He feels like an asshole because while he didn't go see Josh today, Donna has obviously spent Christmas morning with him, and will spend the night with him, and what kind of best friend is he if he isn't ever going to be any part of rescuing Josh? That's what he does. He's good at rescuing people, from circumstance, from themselves, from cruelties of fate. He's slipping, though, and it had to be Donna in the end who caught it, who listened, who stretched out a hand at the last second and caught hold of Josh as he fell.

He feels like an asshole because this woman is helping Josh reassemble the scattered pieces of himself, and all he can feel is a petty jealousy that he's left on the outside of that.

Then Donna passes him a shot-glass filled with schnapps, and he looks up and into her big, tired eyes. She plucks her eyebrows too thin and wears better suits nowadays, and it used to make her look polished but now she simply looks weary. "Thank you, Sam," she says in a low voice. "Thanks for thinking of me." They clink glasses and swallow the cold-burn of the liquor simultaneously, and then Donna brings him a blanket to wrap around himself against the cold. They eat a slice of cake each, and then another slice each because it's damn good cake, and they have another shot of schnapps each, but Donna still doesn't look very festive.

"Donna, you look about as merry as the Ghost of Christmas Future," he says. "I know it's hard but...Josh has turned a corner. He's admitted he needs help. I know it'll be a hard road, but things are going to get better now." He reaches out and lays a hand over one of her gloved ones, wincing at his own therapy-speak cliches.

"I know," she says, her hand perfectly still beneath his. "I just feel so awful, Sam. I've been so angry at him. I've wanted to hurt him for things he's said lately. And all the time he was eating himself up inside trying to keep a handle on how much he was hurting..."

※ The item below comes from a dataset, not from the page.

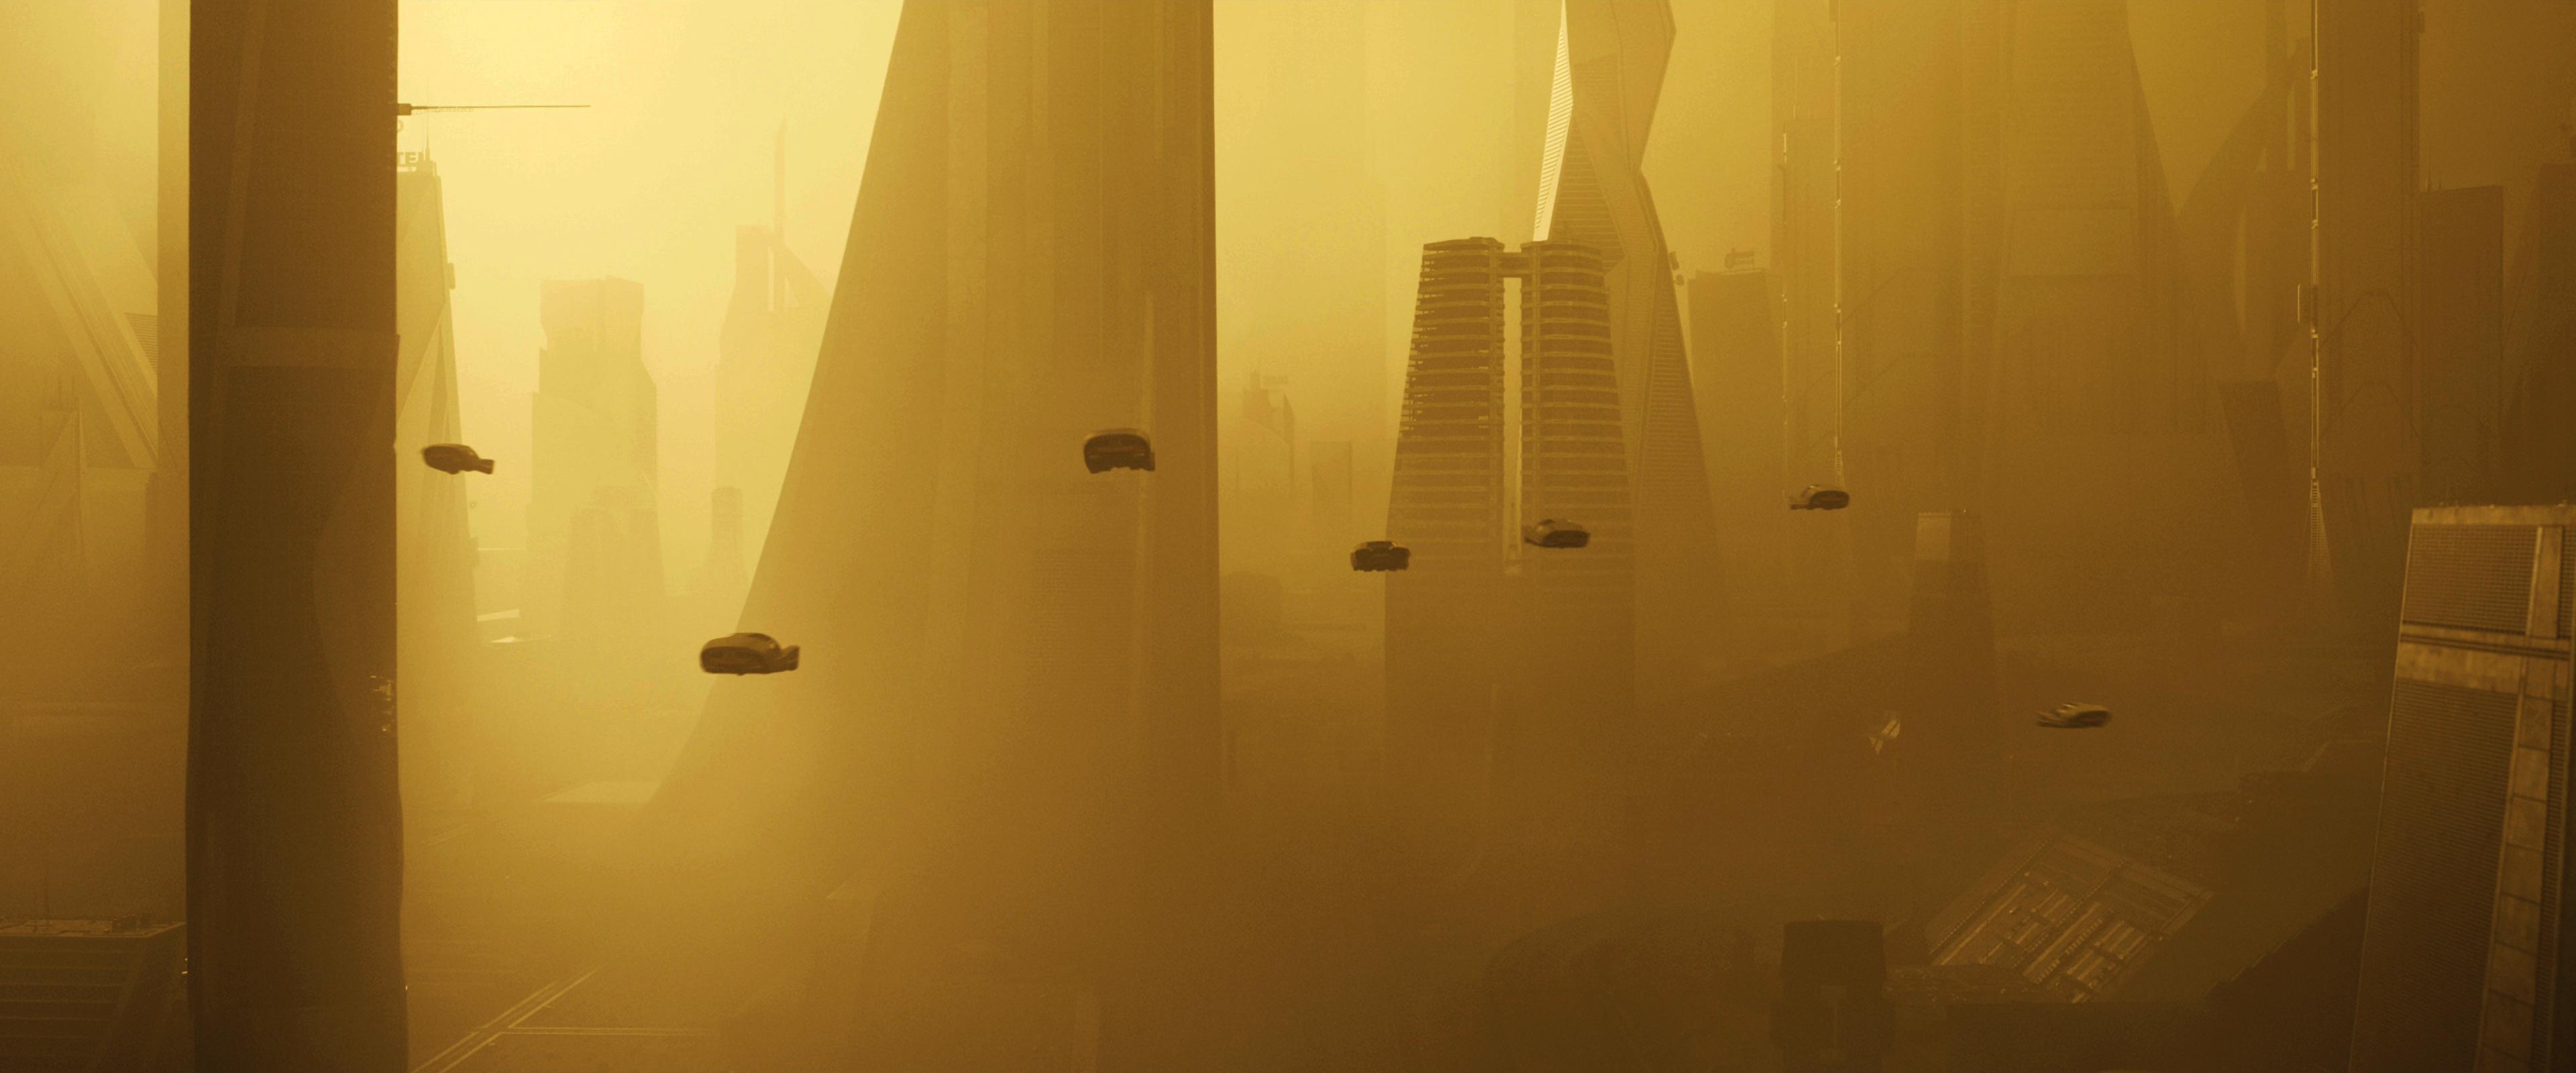 Wallpaper Bladerunner Blade Runner 2049 Cyberpunk 3840x1600

"He said things to you that hurt you?" Sam asks. He knows that Josh's joking around can occasionally slip into accidental cruelty, usually when Josh lets his mouth run on ahead of his brain too much. He knows that Josh has upset Donna before. He didn't know that Josh had ever been truly mean to her, though.

"When you were in Portland with the President...he said I had no self-worth. And then he told me I looked incredible like that made it okay. Like it was okay for me to just be some dressed-up, silly little girl ruled by the mating urge." Donna speaks in a flat, empty voice, although tears make her eyes shine. Sam has no idea what she's talking about.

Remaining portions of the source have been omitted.